Uber: Feeling the Heat from Competitors and Regulators Worldwide


Uber, originally known as “UberCab,” was started by Travis Kalanick and Garrett Camp in San Francisco, California, in 2009. Its target audience was young, educated, tech-savvy urbanites, more likely to rent than own their own homes, who generally got around via public transportation, biking, or walking. The company grew rapidly and by 2015 it was providing carpooling services in 300 major cities in fifty-eight countries around the world.1

As Uber moved forward into new territories, however, it got entangled in many regulatory and legal hassles. The company had to figure out how to sustain its lead in the heavily regulated, controversial, competitive, and ever-changing taxi industry. Moreover, despite a landslide market share Uber was operating at a loss. How to lower costs and become profitable was another challenge for this young and aggressive company.

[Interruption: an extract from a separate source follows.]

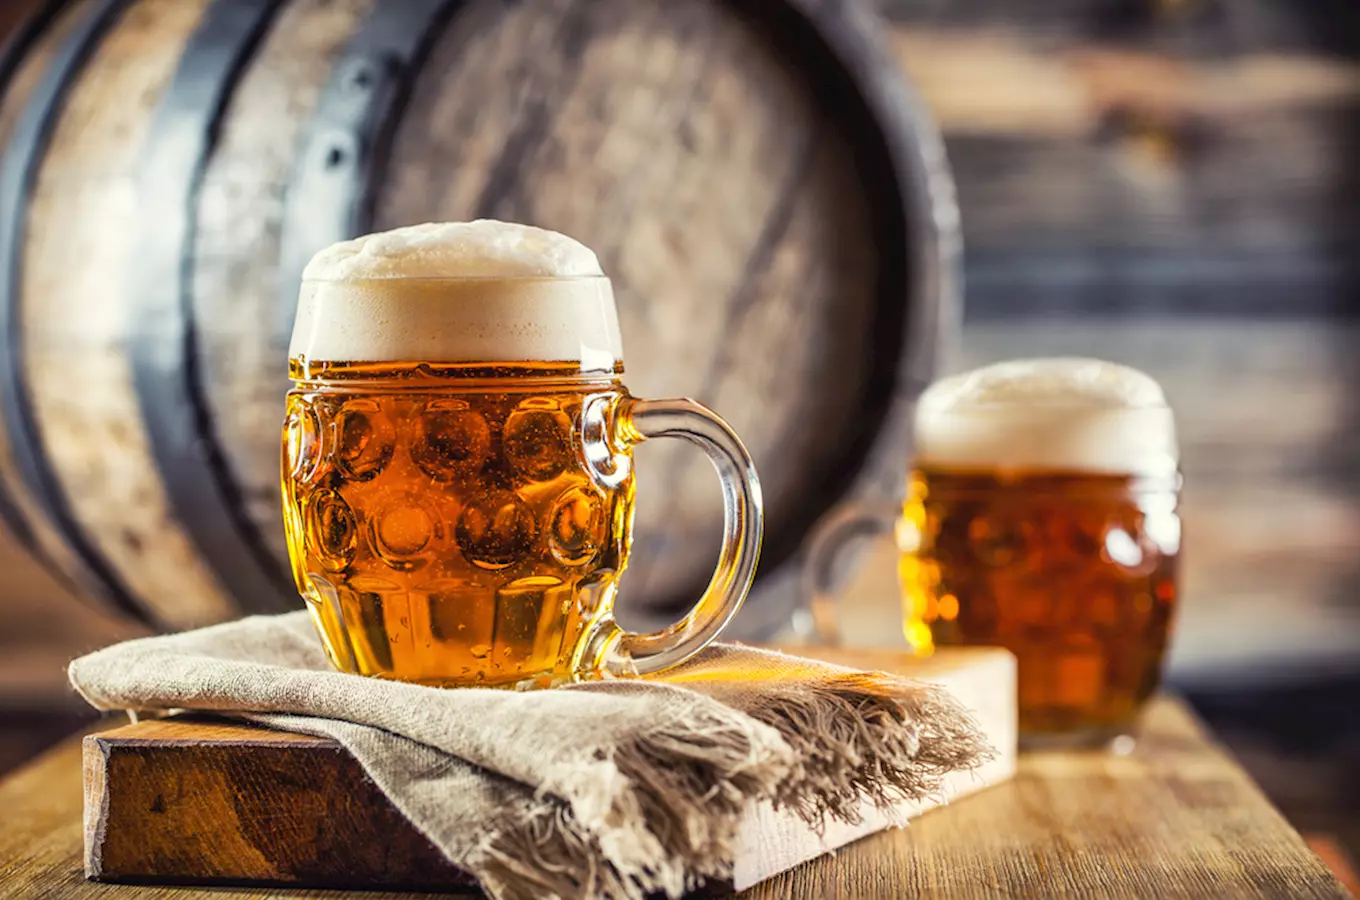 Tipy na pivní zážitky, které byste si v Plzni neměli nechat ujít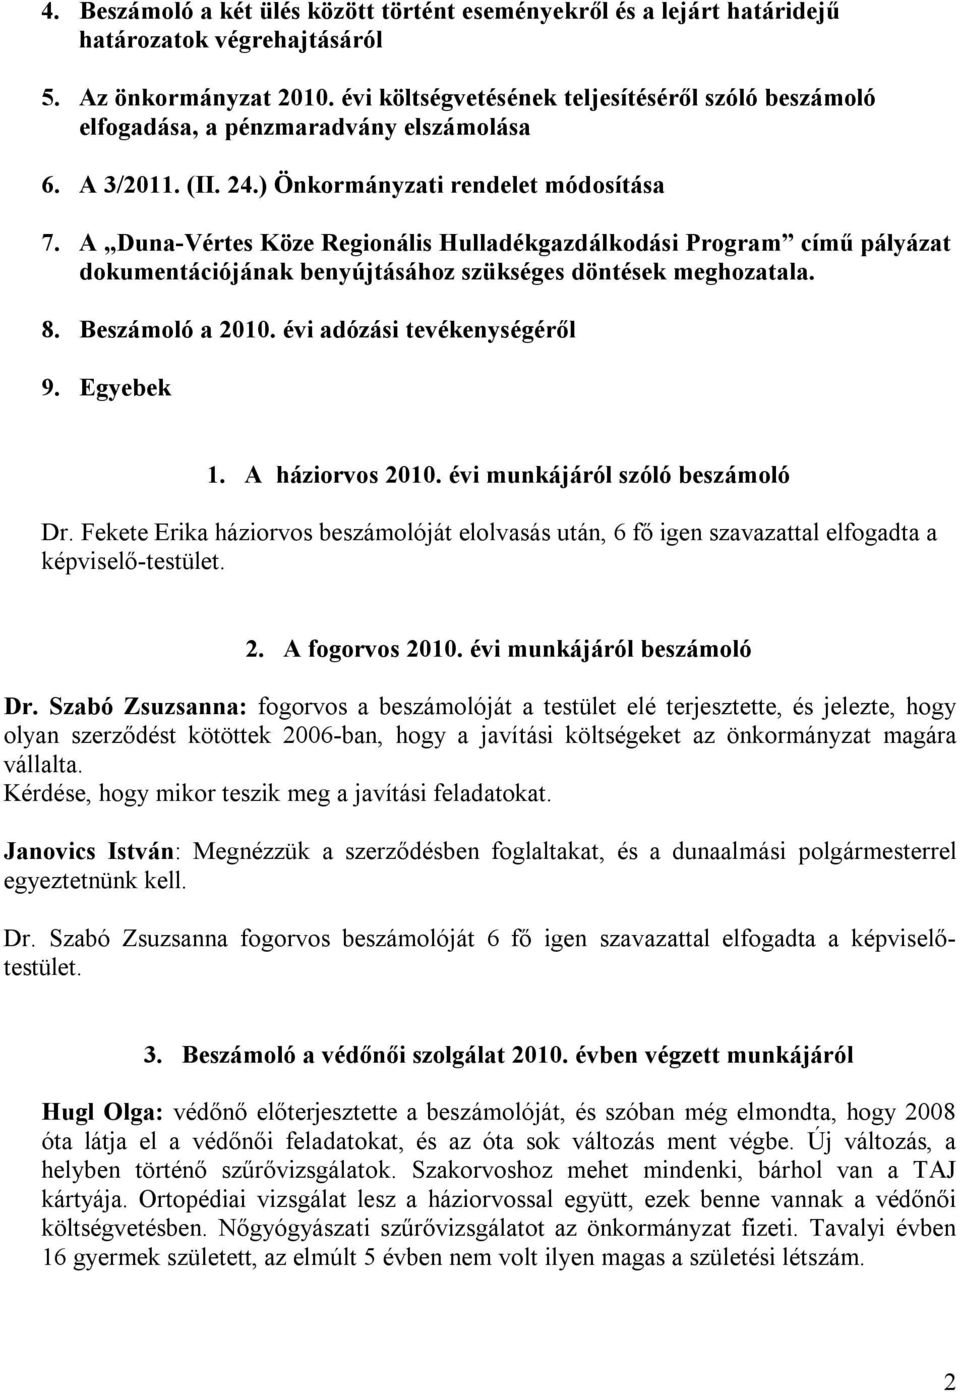 A Duna-Vértes Köze Regionális Hulladékgazdálkodási Program című pályázat dokumentációjának benyújtásához szükséges döntések meghozatala. 8. Beszámoló a 2010. évi adózási tevékenységéről 9. Egyebek 1.

Decision Date: 2014 FY Sales: $104 million

FY Net Loss: $30 million



Uber: Feeling the Heat from Competitors and Regulators Worldwide



Data Privacy First Mover Advantage Strategy Formulation Competitive Advantage

Employee Labor Law Marketing Promotions

Core Competencies Social Responsibility

Global Expansion Govt. Regulation

Stages of Corporate Development Competitive Strategy



1. To discuss Uber’s regulatory environment.

2. To discuss Uber’s challenges in Global Expansion.

3. To discuss the competitive landscape of the ride-hailing industry.

4. To discuss the challenges surrounding industry creation.

5. To discuss regulatory hurdles and government lobbying.


1. This is an excellent case for instructor-led discussion.

2. This is an excellent case for an exam or written case analysis.

3. This is an excellent case for a team presentation.

4. This is an excellent case for an individual or team strategic Audit.


1. How is ride-hailing different from taxis?

2. What was Uber’s pricing strategy?

3. How does Uber utilize marketing promotions to gain new customers?

4. Are Uber’s drivers employees or contractors?

5. Will ride-hailing eventually replace taxis?



I. Current Situation

A. Current Performance

Background: Founded in San Francisco, California in 2009.

Aug 2013, raised $258 million from Google Ventures.

December 2014, Chinese Search Engine, Baidu, invested $1.2 billion, value at $66 billion.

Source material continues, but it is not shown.